→ **Supplied information**:
__________________________________________________

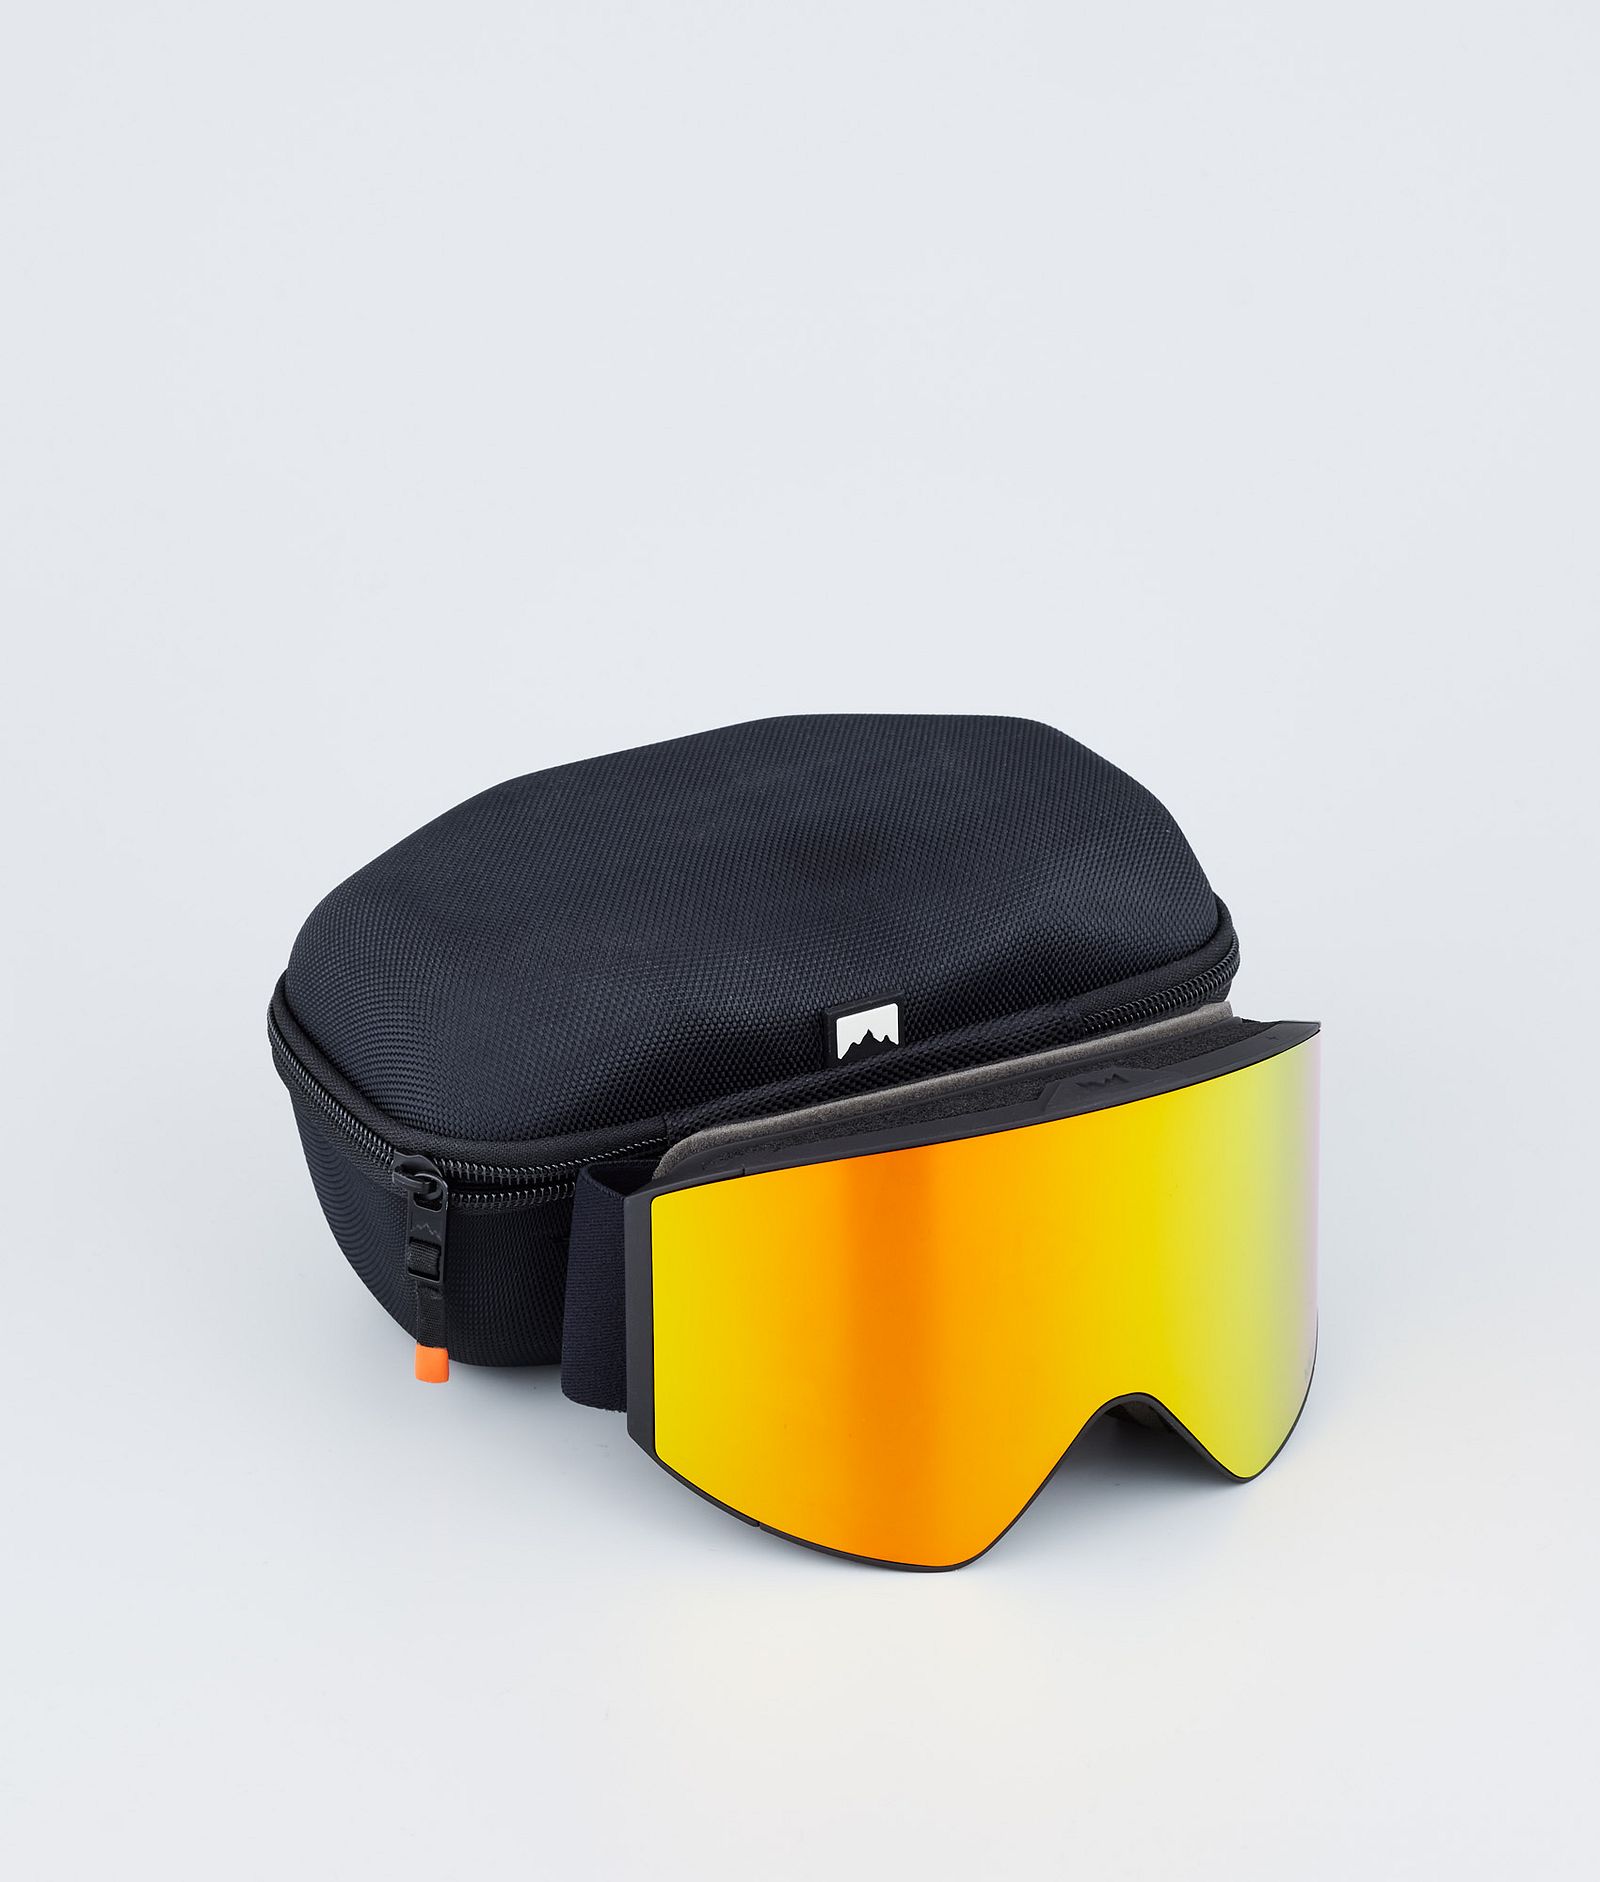 Montec Scope 2022 Gafas de esquí Black/Ruby Red Mirror
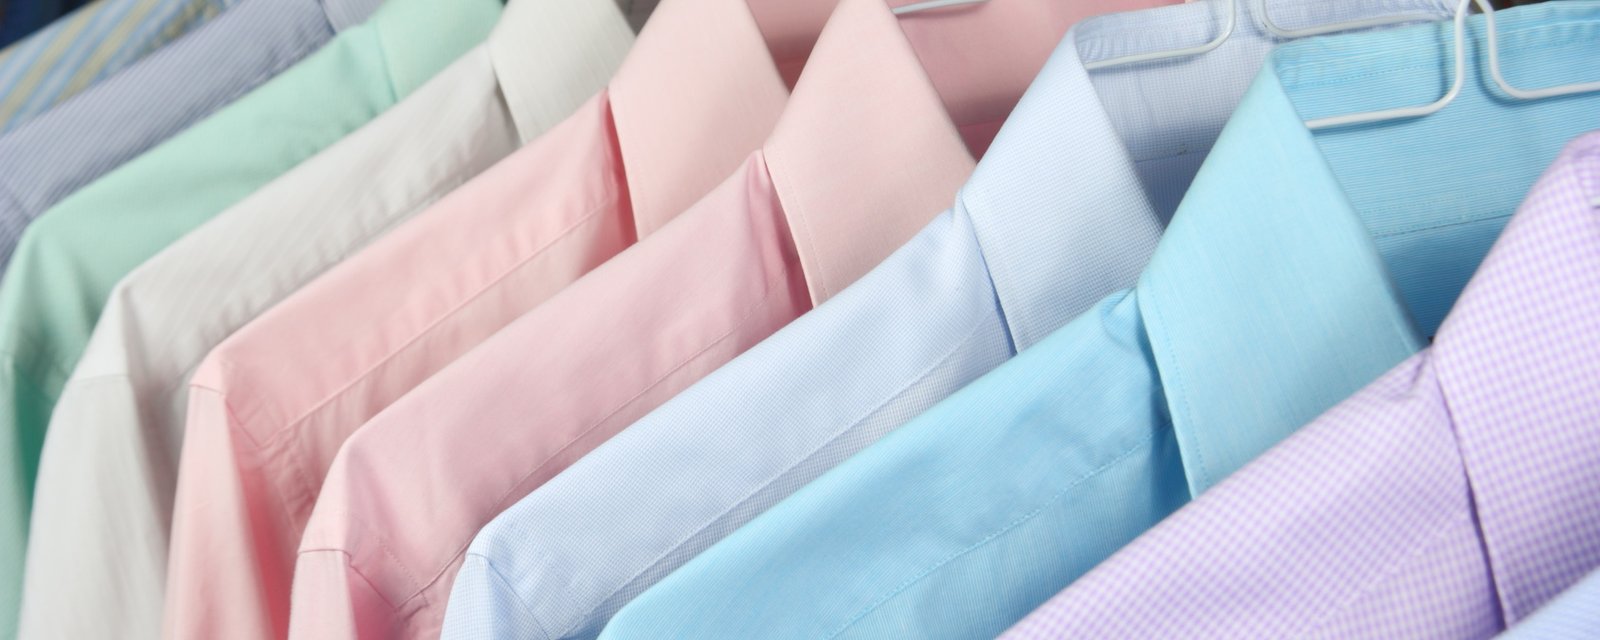 Savez-vous pourquoi les boutons sur les chemises des hommes et des femmes ne sont pas du même côté?
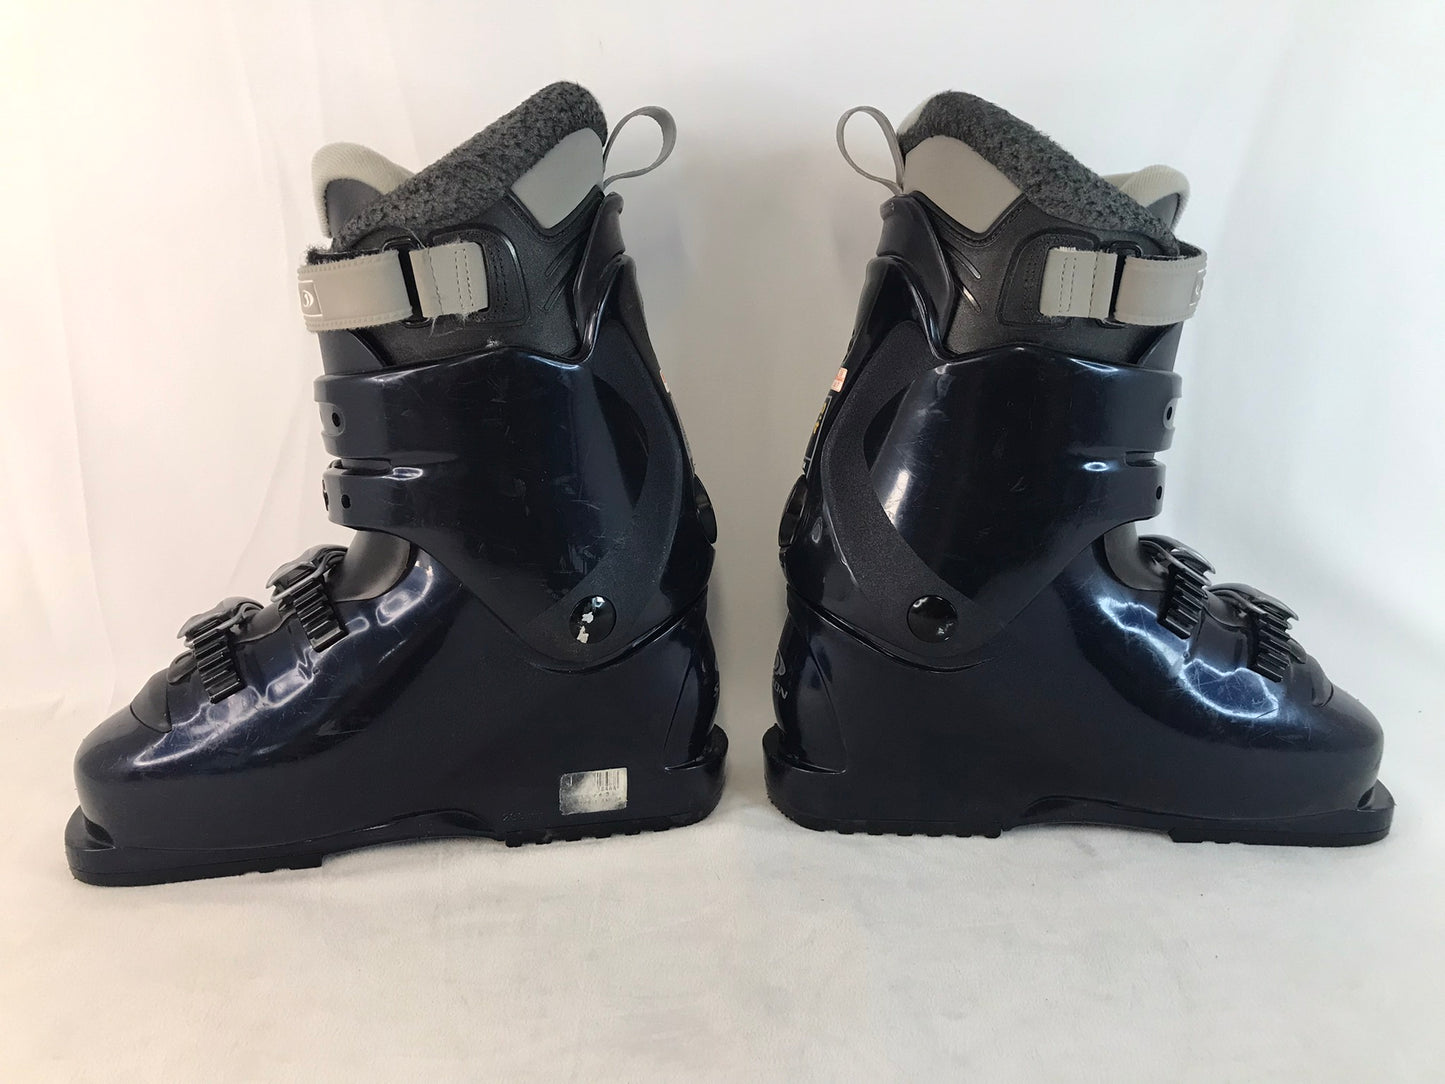 Ski Boots Mondo Size 24.5 Men's Size 6.5 Ladies Size 7.5 Salomon Marine Blue Excellent

__________________________________________________

→ **Work task**:
Output the full listing verbatim; pictures stay out.

→ **Exercise result**:
 Montec Scope 2022 Gafas de esquí Black/Ruby Red Mirror
 Savez-vous pourquoi les boutons sur les chemises des hommes et des femmes ne sont pas du même côté?
 Ski Boots Mondo Size 24.5 Men's Size 6.5 Ladies Size 7.5 Salomon Marine Blue Excellent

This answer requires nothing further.